🤖 AI Summary
In snapshot compressive imaging (SCI), reconstructing high-fidelity multispectral images (MSI) from a single 2D measurement is an ill-posed inverse problem. Existing diffusion-based methods suffer from scarce labeled MSI data, domain shift induced by RGB pretraining, and low efficiency due to multi-step sampling. This paper proposes the first single-step diffusion refinement framework: it adopts a self-supervised equivariant imaging paradigm to eliminate reliance on ground-truth labels; introduces a lightweight single-step diffusion model that directly predicts high-frequency residuals, substantially improving fine-detail recovery; and maintains plug-and-play compatibility with diverse end-to-end or unrolled reconstruction networks. Experiments demonstrate that our method consistently outperforms state-of-the-art approaches across multi-scale structural fidelity, cross-dataset generalization, and inference speed—achieving superior simplicity, robustness, and modularity without compromising reconstruction quality.
📝 Abstract
Coded Aperture Snapshot Spectral Imaging (CASSI) is a crucial technique for capturing three-dimensional multispectral images (MSIs) through the complex inverse task of reconstructing these images from coded two-dimensional measurements. Current state-of-the-art methods, predominantly end-to-end, face limitations in reconstructing high-frequency details and often rely on constrained datasets like KAIST and CAVE, resulting in models with poor generalizability.
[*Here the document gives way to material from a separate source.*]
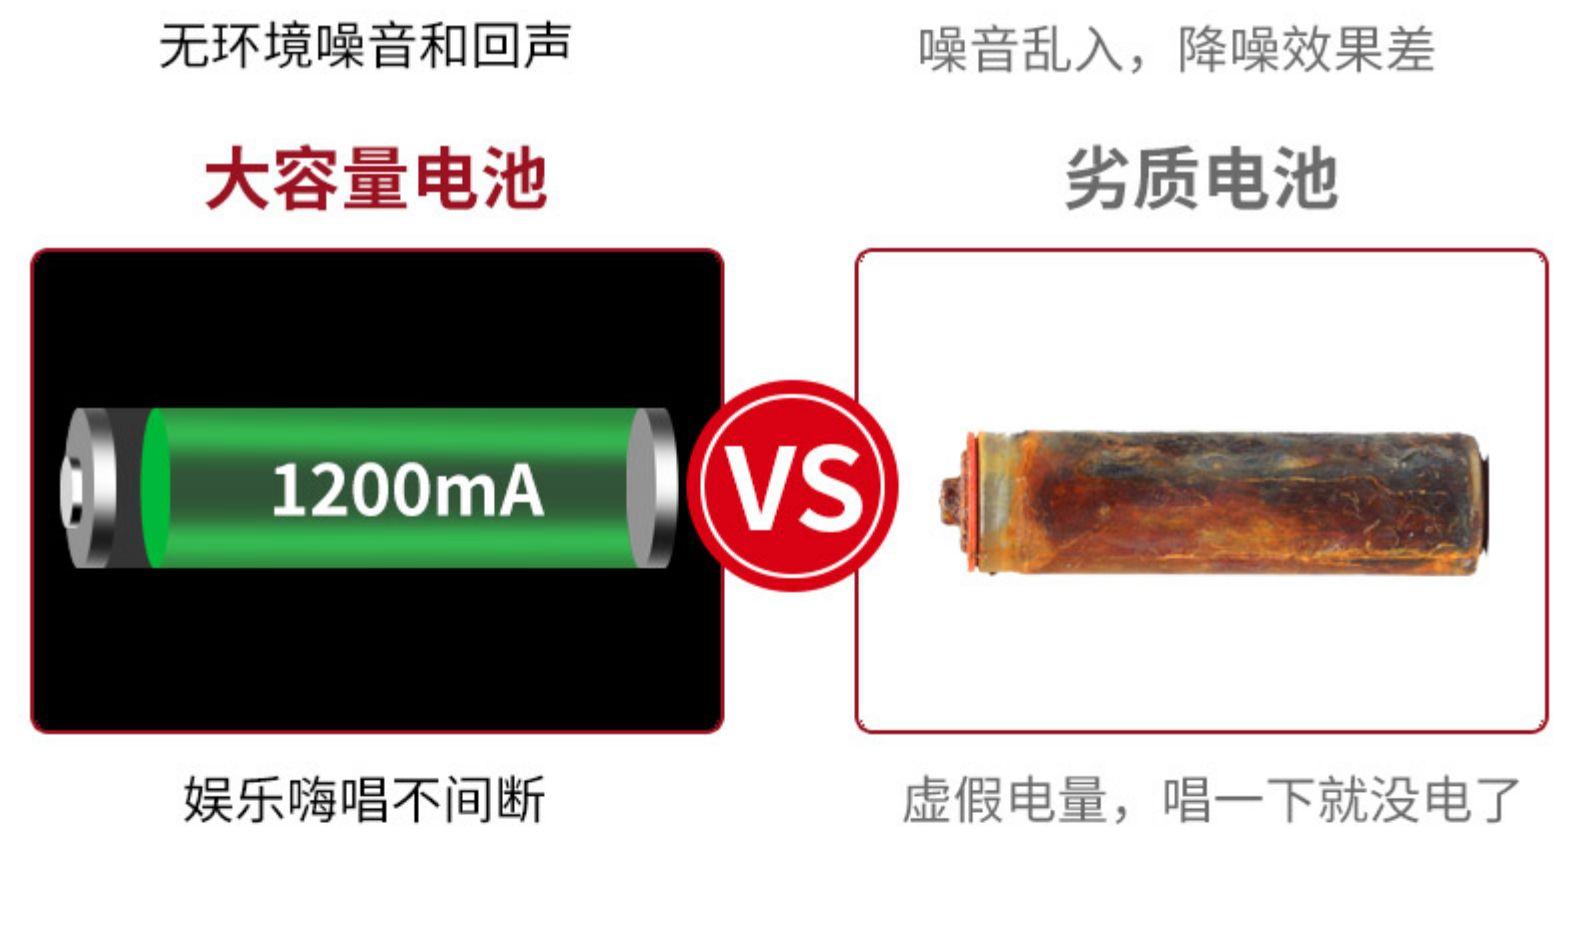 无环境噪音和回声噪音乱入,降噪效果差大容量电池劣质电池1200mA娱乐嗨唱不间断虚假电量,唱一下就没电了-推好价 | 品质生活 精选好价

In response to these challenges, this paper introduces a novel one-step Diffusion Probabilistic Model within a self-supervised adaptation framework for Snapshot Compressive Imaging (SCI). Our approach leverages a pretrained SCI reconstruction network to generate initial predictions from two-dimensional measurements. Subsequently, a one-step diffusion model produces high-frequency residuals to enhance these initial predictions. Additionally, acknowledging the high costs associated with collecting MSIs, we develop a self-supervised paradigm based on the Equivariant Imaging (EI) framework. Experimental results validate the superiority of our model compared to previous methods, showcasing its simplicity and adaptability to various end-to-end or unfolding techniques.